As opioid problem deepens, Chicago imports new top drug officer

An ABC7 I-Team Investigation

ByChuck Goudie and Christine Tressel and Barb Markoff WLS logo
Wednesday, February 28, 2018
As opioid problem deepens, Chicago imports new top drug officer
Chuck Goudie and the I-Team have learned that Brian McKnight has been named as agent in charge of the DEA office in Chicago.

CHICAGO (WLS) -- With opioid deaths soaring in the Midwest and billion-dollar drug cartels staking claim on the city as a distribution hub, Brian McKnight has his work cut out for him.

McKnight, 55, has just been appointed special agent in charge of the U.S. Drug Enforcement Administration field office in Chicago, the I-Team has learned.

As the highest ranking federal drug officer in town, McKnight will oversee a small army of more than 800 field agents, specialists, technicians and support staff in Illinois, Indiana, Wisconsin, Minnesota and North Dakota.
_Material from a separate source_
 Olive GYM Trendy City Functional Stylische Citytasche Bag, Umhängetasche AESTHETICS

He takes over a storied agency office in Chicago, that is considered a major import point for heroin, cocaine, methamphetamines and marijuana peddled by Mexican cartels.

The DEA Chicago office teams with Chicago police on the grim opioid epidemic, that in Cook County has seen a recent, nine-fold increase in overdose deaths.
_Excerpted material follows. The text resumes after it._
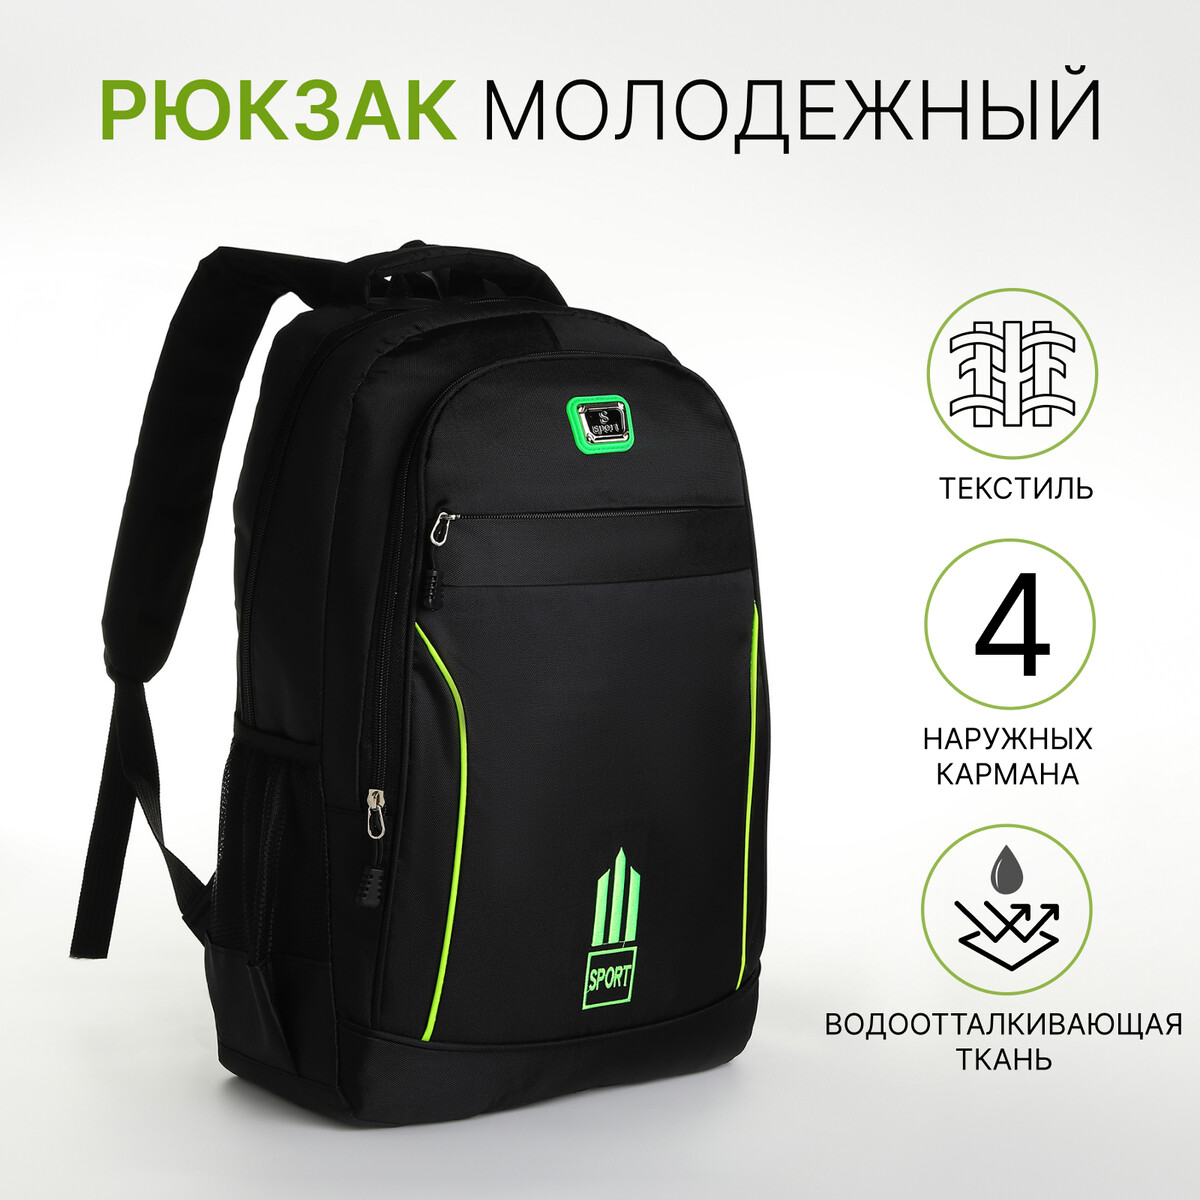 Рюкзак молодежный из текстиля на молнии, 4 кармана, цвет черный/зеленый

Part of McKnight's purview is the DEA's North Central drug laboratory, operating from a top-secret downtown Chicago location. During an I-Team inspection of the lab, DEA scientists were analyzing recent street seizures of illicit opioids to trace where the drugs were manufactured and whether the contents could be deadly for users even in small amounts.
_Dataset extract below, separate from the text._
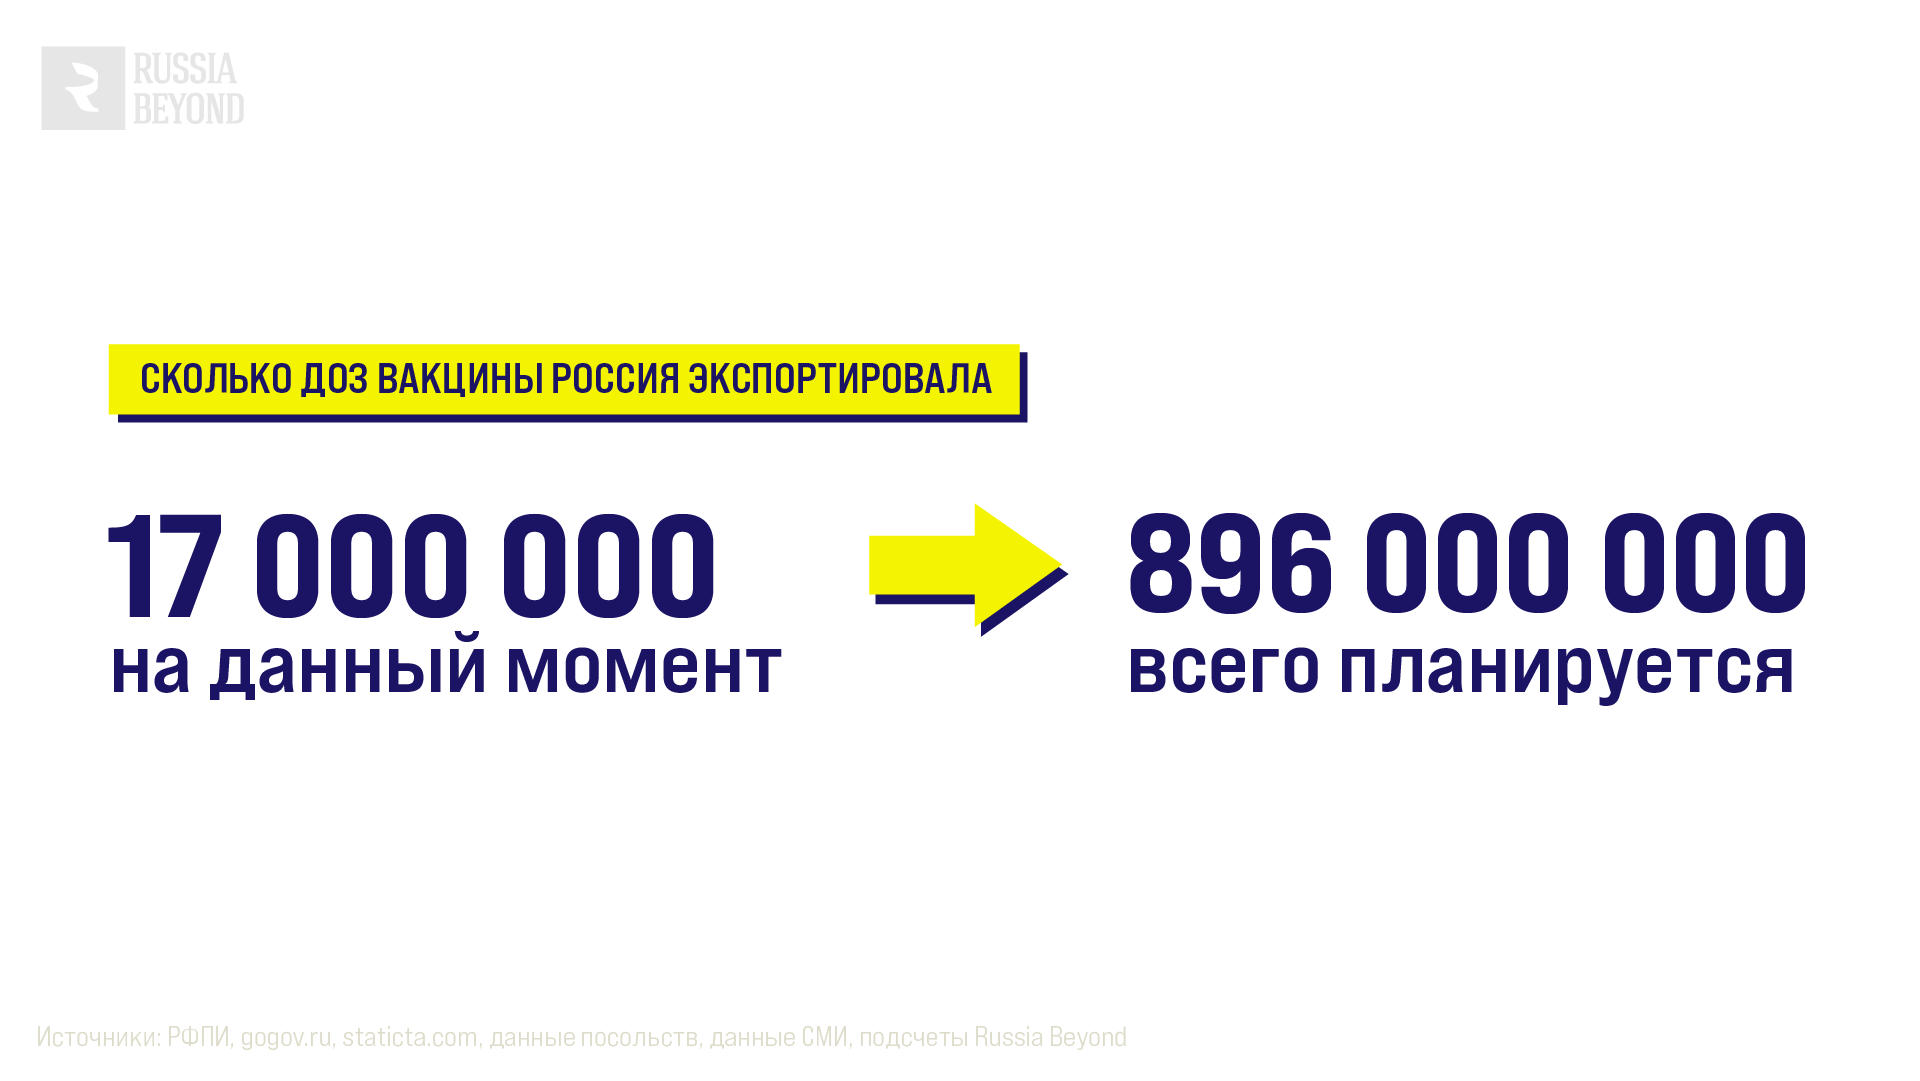 Сколько доз вакцин Россия экспортировала

McKnight, whose official first day on the job is Monday, comes from DEA headquarters in Washington, D.C. where he was chief inspector in the Office of Professional Responsibility-and oversaw agency employee misconduct investigations.

Prior to that McKnight was assistant special agent in charge of the Miami Field Division-long considered the front line of America's infamous "War on Drugs."

A special focus of his long career at DEA has been transnational criminal groups and international financial crimes. He has previously supervised global anti-money laundering cases for the DEA and was responsible for the development of several international undercover money laundering investigations.

McKnight succeeds Dennis Wichern at DEA-Chicago. Wichern recently retired, after overseeing the office during the tumult of Mexican drug lord Joaquin "El Chapo" Guzman. As leader of the ruthless Sinaloa Cartel, El Chapo was responsible for 80% of the illegal drugs consumed in metro Chicago, according to federal agents. The kingpin was facing indictments in Chicago and several other U.S. cities when he was arrested at a seaside resort in Mexico during a military assault in January, 2016. To the dismay of federal drug enforcement officials in Chicago, the Justice Department decided to take El Chapo to New York and prosecute him on the charges he faced there.